Start of Block

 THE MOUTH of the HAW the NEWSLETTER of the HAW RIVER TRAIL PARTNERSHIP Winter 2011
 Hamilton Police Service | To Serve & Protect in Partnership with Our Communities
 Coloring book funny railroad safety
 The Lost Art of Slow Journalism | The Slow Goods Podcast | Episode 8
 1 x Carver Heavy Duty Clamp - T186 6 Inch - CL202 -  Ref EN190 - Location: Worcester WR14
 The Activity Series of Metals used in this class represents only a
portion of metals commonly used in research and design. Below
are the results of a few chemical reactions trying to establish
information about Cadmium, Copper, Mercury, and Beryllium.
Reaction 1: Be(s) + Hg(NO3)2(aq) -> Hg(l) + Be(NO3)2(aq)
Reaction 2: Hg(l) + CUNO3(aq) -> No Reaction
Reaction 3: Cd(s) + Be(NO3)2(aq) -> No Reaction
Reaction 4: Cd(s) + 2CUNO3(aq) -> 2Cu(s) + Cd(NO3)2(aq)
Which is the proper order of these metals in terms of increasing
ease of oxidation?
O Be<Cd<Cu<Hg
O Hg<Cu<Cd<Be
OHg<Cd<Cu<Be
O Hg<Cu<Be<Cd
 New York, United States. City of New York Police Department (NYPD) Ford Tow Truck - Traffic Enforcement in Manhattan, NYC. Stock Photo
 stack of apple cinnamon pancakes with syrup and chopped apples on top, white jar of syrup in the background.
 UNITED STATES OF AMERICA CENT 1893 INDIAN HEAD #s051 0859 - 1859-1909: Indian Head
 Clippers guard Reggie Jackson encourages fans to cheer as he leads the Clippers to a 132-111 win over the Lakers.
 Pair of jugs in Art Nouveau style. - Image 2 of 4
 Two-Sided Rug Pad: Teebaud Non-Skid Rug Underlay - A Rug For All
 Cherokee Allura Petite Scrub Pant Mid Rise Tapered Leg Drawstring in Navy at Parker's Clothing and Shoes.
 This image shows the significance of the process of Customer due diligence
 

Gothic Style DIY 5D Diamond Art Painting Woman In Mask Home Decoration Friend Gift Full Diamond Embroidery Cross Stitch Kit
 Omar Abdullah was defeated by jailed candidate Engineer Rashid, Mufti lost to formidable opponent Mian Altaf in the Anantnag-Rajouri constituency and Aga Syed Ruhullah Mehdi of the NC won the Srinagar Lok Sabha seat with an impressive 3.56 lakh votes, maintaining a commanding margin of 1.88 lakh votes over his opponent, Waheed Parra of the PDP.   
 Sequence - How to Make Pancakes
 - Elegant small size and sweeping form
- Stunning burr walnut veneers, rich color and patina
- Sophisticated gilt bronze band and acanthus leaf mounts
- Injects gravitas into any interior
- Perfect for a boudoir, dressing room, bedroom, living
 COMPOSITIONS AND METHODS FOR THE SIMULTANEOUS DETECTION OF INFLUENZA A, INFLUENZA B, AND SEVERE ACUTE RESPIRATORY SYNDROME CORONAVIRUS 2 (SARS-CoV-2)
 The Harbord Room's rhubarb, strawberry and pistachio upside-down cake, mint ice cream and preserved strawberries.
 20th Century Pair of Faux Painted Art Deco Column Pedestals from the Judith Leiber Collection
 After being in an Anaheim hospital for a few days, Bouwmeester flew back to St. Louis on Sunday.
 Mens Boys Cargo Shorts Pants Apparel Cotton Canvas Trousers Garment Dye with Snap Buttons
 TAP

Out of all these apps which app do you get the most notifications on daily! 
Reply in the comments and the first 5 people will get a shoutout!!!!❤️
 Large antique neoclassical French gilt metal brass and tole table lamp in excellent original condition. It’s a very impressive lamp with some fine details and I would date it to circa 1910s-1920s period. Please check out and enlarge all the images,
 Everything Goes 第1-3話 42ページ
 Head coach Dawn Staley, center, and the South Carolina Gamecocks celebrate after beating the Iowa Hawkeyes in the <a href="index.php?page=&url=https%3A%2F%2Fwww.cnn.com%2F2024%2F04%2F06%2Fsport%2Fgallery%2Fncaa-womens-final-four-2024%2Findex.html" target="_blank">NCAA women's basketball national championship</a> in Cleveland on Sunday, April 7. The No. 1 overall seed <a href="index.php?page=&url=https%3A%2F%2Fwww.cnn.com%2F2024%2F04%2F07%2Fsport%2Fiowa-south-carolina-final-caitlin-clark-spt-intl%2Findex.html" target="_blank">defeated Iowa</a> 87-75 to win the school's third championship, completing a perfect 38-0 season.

End of Block

**WHAT THE EXERCISE ASKS**
The full listing above is to be given again exactly.

**THE COMPLETED TASK**
 THE MOUTH of the HAW the NEWSLETTER of the HAW RIVER TRAIL PARTNERSHIP Winter 2011
 Hamilton Police Service | To Serve & Protect in Partnership with Our Communities
 Coloring book funny railroad safety
 The Lost Art of Slow Journalism | The Slow Goods Podcast | Episode 8
 1 x Carver Heavy Duty Clamp - T186 6 Inch - CL202 -  Ref EN190 - Location: Worcester WR14
 The Activity Series of Metals used in this class represents only a
portion of metals commonly used in research and design. Below
are the results of a few chemical reactions trying to establish
information about Cadmium, Copper, Mercury, and Beryllium.
Reaction 1: Be(s) + Hg(NO3)2(aq) -> Hg(l) + Be(NO3)2(aq)
Reaction 2: Hg(l) + CUNO3(aq) -> No Reaction
Reaction 3: Cd(s) + Be(NO3)2(aq) -> No Reaction
Reaction 4: Cd(s) + 2CUNO3(aq) -> 2Cu(s) + Cd(NO3)2(aq)
Which is the proper order of these metals in terms of increasing
ease of oxidation?
O Be<Cd<Cu<Hg
O Hg<Cu<Cd<Be
OHg<Cd<Cu<Be
O Hg<Cu<Be<Cd
 New York, United States. City of New York Police Department (NYPD) Ford Tow Truck - Traffic Enforcement in Manhattan, NYC. Stock Photo
 stack of apple cinnamon pancakes with syrup and chopped apples on top, white jar of syrup in the background.
 UNITED STATES OF AMERICA CENT 1893 INDIAN HEAD #s051 0859 - 1859-1909: Indian Head
 Clippers guard Reggie Jackson encourages fans to cheer as he leads the Clippers to a 132-111 win over the Lakers.
 Pair of jugs in Art Nouveau style. - Image 2 of 4
 Two-Sided Rug Pad: Teebaud Non-Skid Rug Underlay - A Rug For All
 Cherokee Allura Petite Scrub Pant Mid Rise Tapered Leg Drawstring in Navy at Parker's Clothing and Shoes.
 This image shows the significance of the process of Customer due diligence
 

Gothic Style DIY 5D Diamond Art Painting Woman In Mask Home Decoration Friend Gift Full Diamond Embroidery Cross Stitch Kit
 Omar Abdullah was defeated by jailed candidate Engineer Rashid, Mufti lost to formidable opponent Mian Altaf in the Anantnag-Rajouri constituency and Aga Syed Ruhullah Mehdi of the NC won the Srinagar Lok Sabha seat with an impressive 3.56 lakh votes, maintaining a commanding margin of 1.88 lakh votes over his opponent, Waheed Parra of the PDP.   
 Sequence - How to Make Pancakes
 - Elegant small size and sweeping form
- Stunning burr walnut veneers, rich color and patina
- Sophisticated gilt bronze band and acanthus leaf mounts
- Injects gravitas into any interior
- Perfect for a boudoir, dressing room, bedroom, living
 COMPOSITIONS AND METHODS FOR THE SIMULTANEOUS DETECTION OF INFLUENZA A, INFLUENZA B, AND SEVERE ACUTE RESPIRATORY SYNDROME CORONAVIRUS 2 (SARS-CoV-2)
 The Harbord Room's rhubarb, strawberry and pistachio upside-down cake, mint ice cream and preserved strawberries.
 20th Century Pair of Faux Painted Art Deco Column Pedestals from the Judith Leiber Collection
 After being in an Anaheim hospital for a few days, Bouwmeester flew back to St. Louis on Sunday.
 Mens Boys Cargo Shorts Pants Apparel Cotton Canvas Trousers Garment Dye with Snap Buttons
 TAP

Out of all these apps which app do you get the most notifications on daily! 
Reply in the comments and the first 5 people will get a shoutout!!!!❤️
 Large antique neoclassical French gilt metal brass and tole table lamp in excellent original condition. It’s a very impressive lamp with some fine details and I would date it to circa 1910s-1920s period. Please check out and enlarge all the images,
 Everything Goes 第1-3話 42ページ
 Head coach Dawn Staley, center, and the South Carolina Gamecocks celebrate after beating the Iowa Hawkeyes in the <a href="index.php?page=&url=https%3A%2F%2Fwww.cnn.com%2F2024%2F04%2F06%2Fsport%2Fgallery%2Fncaa-womens-final-four-2024%2Findex.html" target="_blank">NCAA women's basketball national championship</a> in Cleveland on Sunday, April 7. The No. 1 overall seed <a href="index.php?page=&url=https%3A%2F%2Fwww.cnn.com%2F2024%2F04%2F07%2Fsport%2Fiowa-south-carolina-final-caitlin-clark-spt-intl%2Findex.html" target="_blank">defeated Iowa</a> 87-75 to win the school's third championship, completing a perfect 38-0 season.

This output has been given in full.